Die CDU war damals zwar mit 29,8 Prozent der Stimmen erneut stärkste Kraft im Land geworden. Angesichts des starken Abschneidens der AfD (24,3 Prozent) - auf die jede vierte Stimme kam - sah Haseloff jedoch die einzige Option in dem schwarz-rot-grünen Bündnis. Dabei hatte er gegen Widerstände in der eigenen Partei zu kämpfen. Die SPD kam bei der Wahl 2016 auf 10,6 Prozent, die Grünen kamen auf 5,2 Prozent, die Linke erreichte 16,3 Prozent. Die FDP verfehlte mit 4,9 Prozent den Einzug in den Landtag.

«Wir sind jetzt in der Situation, dass wir gemeinsam der Meinung sind, wir müssen auf Kontinuität setzen», betonte Haseloff am Montag. Er sagte weiter: «Es kommt auf uns als Partei in der Mitte an in Zeiten der gesellschaftlichen Polarisierung.»

Haseloff ist verheiratet und lebt in Wittenberg. Vor seinem Amt als Ministerpräsident war er Minister für Wirtschaft und Arbeit des ostdeutschen Bundeslandes.

Die AfD, größte Oppositionsfraktion im Landtag, sprach von Stillstand und Belanglosigkeit, die angesichts der Personalie zur Parteiräson erklärt würden. Die Linke teilte mit: «Mit diesem letzten Aufgebot hält die CDU fest an einer Politik des Stillstandes für Sachsen-Anhalt. Mut- und einfallslos gehen sie in die politische Auseinandersetzung.» Und weiter: «Die Kenia-Koalition in Sachsen-Anhalt unter Führung der CDU bedeutet Stagnation und Rückschritt, weil es keine gemeinsamen Vorstellungen für unser Land gibt.»

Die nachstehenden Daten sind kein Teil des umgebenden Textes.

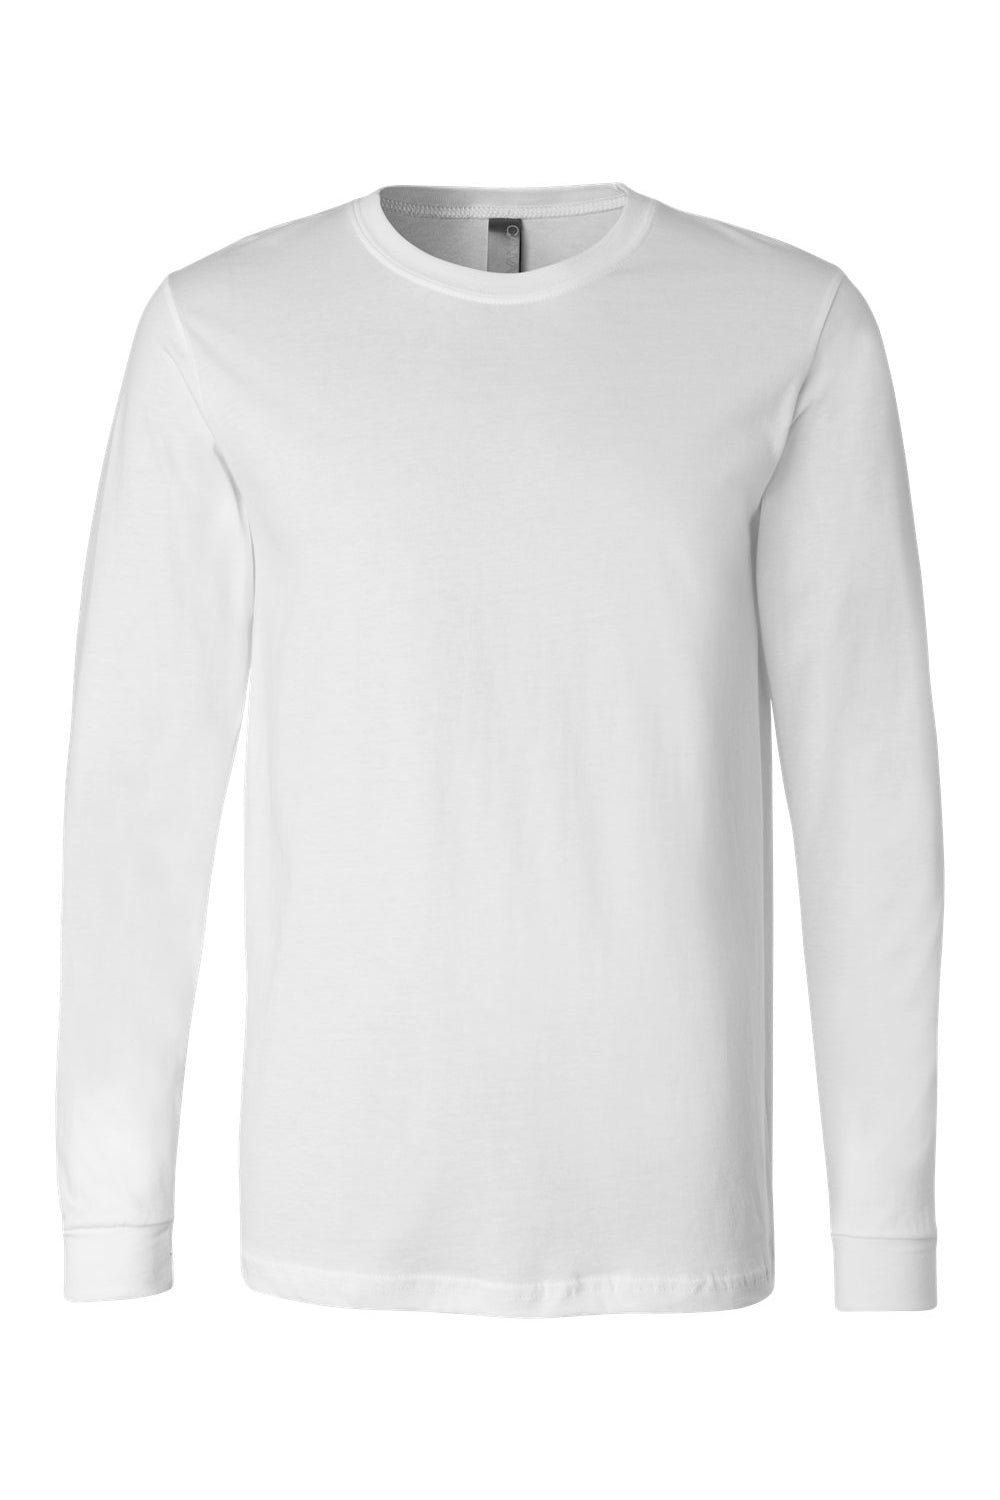 Bella + Canvas BC3501/3501 Mens Jersey Long Sleeve Crewneck T-Shirt White Flat Front

Auch bei anderen Parteien stehen die Spitzenkandidatinnen für die Landtagswahl schon fest: Die Grünen gehen mit Landtagsfraktionschefin Cornelia Lüddemann ins Rennen. Die SPD wird ebenfalls von ihrer Landtagsfraktionsvorsitzenden Katja Pähle angeführt. Die Linke wird von der Landtagsabgeordneten Eva von Angern in den Landtagswahlkampf geführt. Und auch bei der FDP könnte es eine Spitzenkandidatin geben. Lydia Hüskens soll nach dem Willen des Landesvorstandes am kommenden Wochenende in Wittenberg zur Spitzenkandidatin gewählt werden. Die AfD hat bislang noch keinen Spitzenkandidaten benannt.